I was impressed with the size of the <XML2006> conference (a name that must have been chosen by a designer, not by anyone who has to write Web pages), which took place in Boston this week. Rooms were overflowing for many topics, indicating that several large industries and government bodies have settled on XML for document storage and automated text manipulation. Microsoft Office still seems the editor of choice for most people writing and editing documents. The poor XML output of Office is a major irritant.

Self-processing data

No one is more interested in XML processing than the XML specifications committees. Over the years they’ve entered ever narrower corridors in the specification maze, forging specifications that determine not only what XML stores, but how the stored data is processed. The most salient example is XSL, but I found two new ones at the conference.

I’ve never quite seen the need for XML-driven processing. Programmers have been quick to use their favorite procedural languages to parse and manipulate XML. What happens when the processing moves to XSL is that procedures are replaced by declarations. It’s a major shift in thinking for programmers to express their needs in declarations. The XSL goal of self-processing data (data that tells you how it’s meant to be processed) is a complex task.

The new efforts I heard of along these lines at <XML2006> were Remote Events for XML (REX) and the XML Processing Model (XProc). Like XSL, they take on tasks that have been done by languages outside XML for years, and put them between angle brackets.

REX deals with the activities that current Web pages perform through onclick and onsubmit functions, along with other activities that (from the point of view of the programmer) look like events.
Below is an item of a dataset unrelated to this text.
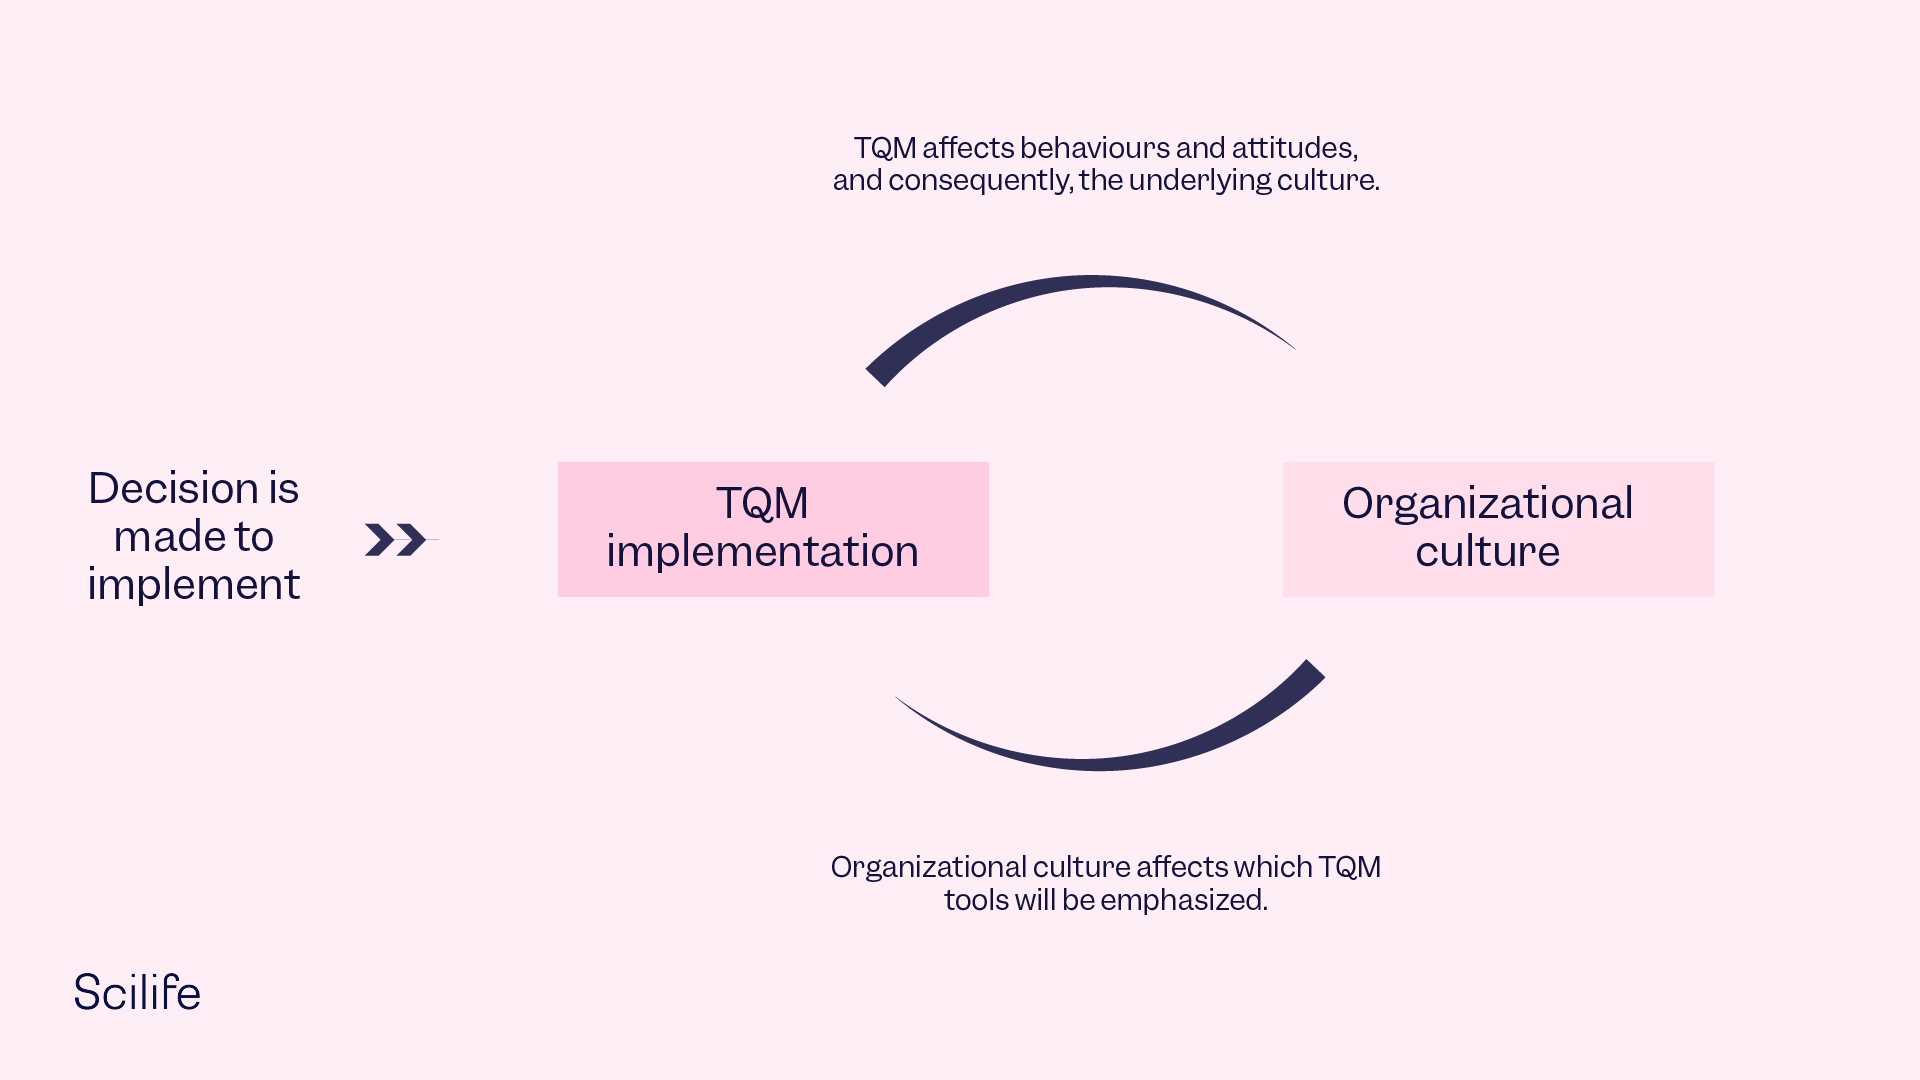 Relationship between TQM and organizational culture by Scilife.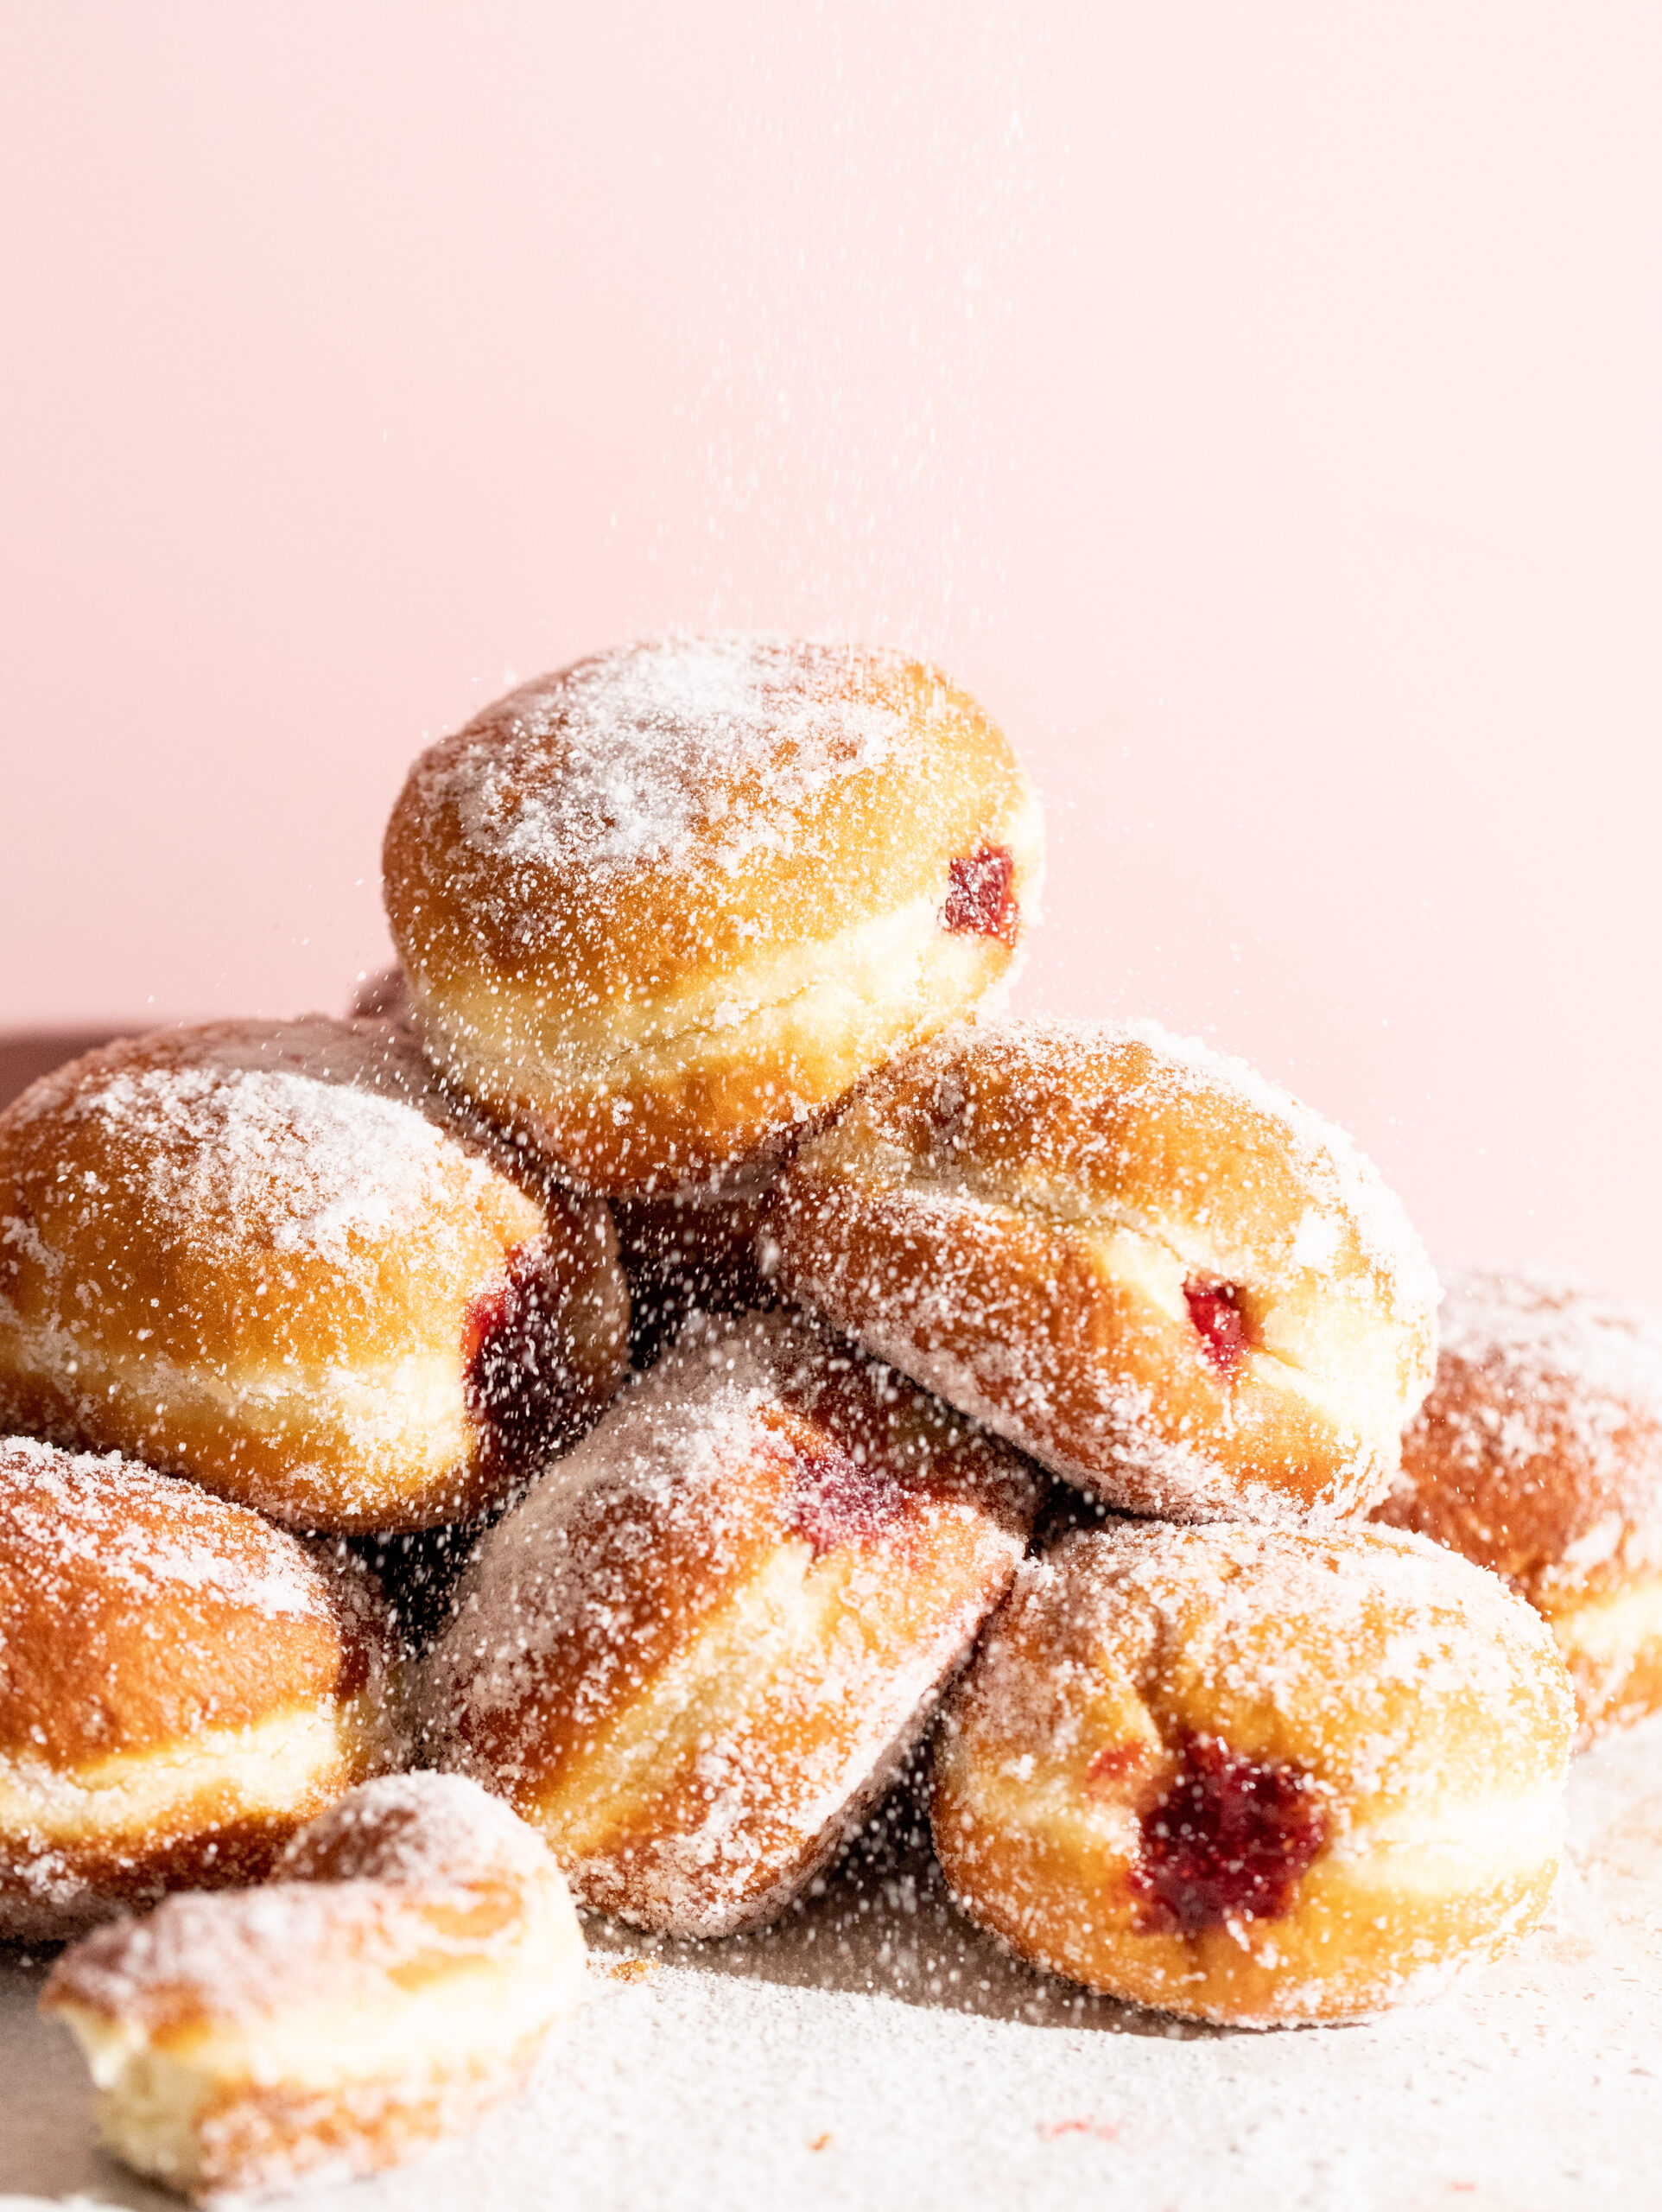 Side view of a pile of jam filled krapfen with sugar being poured over top.

If this effort at standardization works, the JavaScript functions that respond to such events will be replaced by REX XML documents.

XProc is meant to replace build procedures, which are currently done through techniques ranging in sophistication from manual activities and Unix shell scripts to Ant or commercial business processing tools. XProc looks more procedural than declarative. One defines the types of processing (such as the use of XSLT) and then strings them together in an XML document.

Norm Walsh, leader of the working group, was questioned heavily at his XProc presentation on why they want to duplicate so many other tools. As with other such specifications, the hope is to achieve more portability and predictability.

Skeptics about these new bricks in the XML edifice could do well to quote Douglas Crockford, the JavaScript expert who standardized JSON. In one of the deepest statements I heard at the conference, Doug said, “Being well-formed and valid is not the same as being correct and relevant.” In context, this meant that the automated processing done on XML documents was not the type of information programmers really need to worry about. Doug followed up by saying that ultimately, every application is responsible for validating its own data.

JSON

We are now no longer talking about XML in this blog; we have switched to the entirely different subject of JSON. JSON is a structured plain-text format that has no pretensions to being anything but a structured plain-text format; one couldn’t imagine a three-day conference about JSON.

Since it’s in widespread use, stable (Doug hasn’t even assigned a version number to the standard, because he doesn’t expect it to change), and thriving, the most urgent issue is getting his JSONRequest protocol implemented by browsers. He pointed out that mash-ups, because by definition they bypass the normal “Same Origin Policy” for web pages, are currently using nonsecure data transfer methods that leave browsers open to activities by untrusted sites. A JSONRequest would limit the data sent and received, notably by omitting client cookies.

It was gratifying to see that the JSON talk was one of those bringing an overflow crowd, who definitely had challenging questions but seemed highly interested.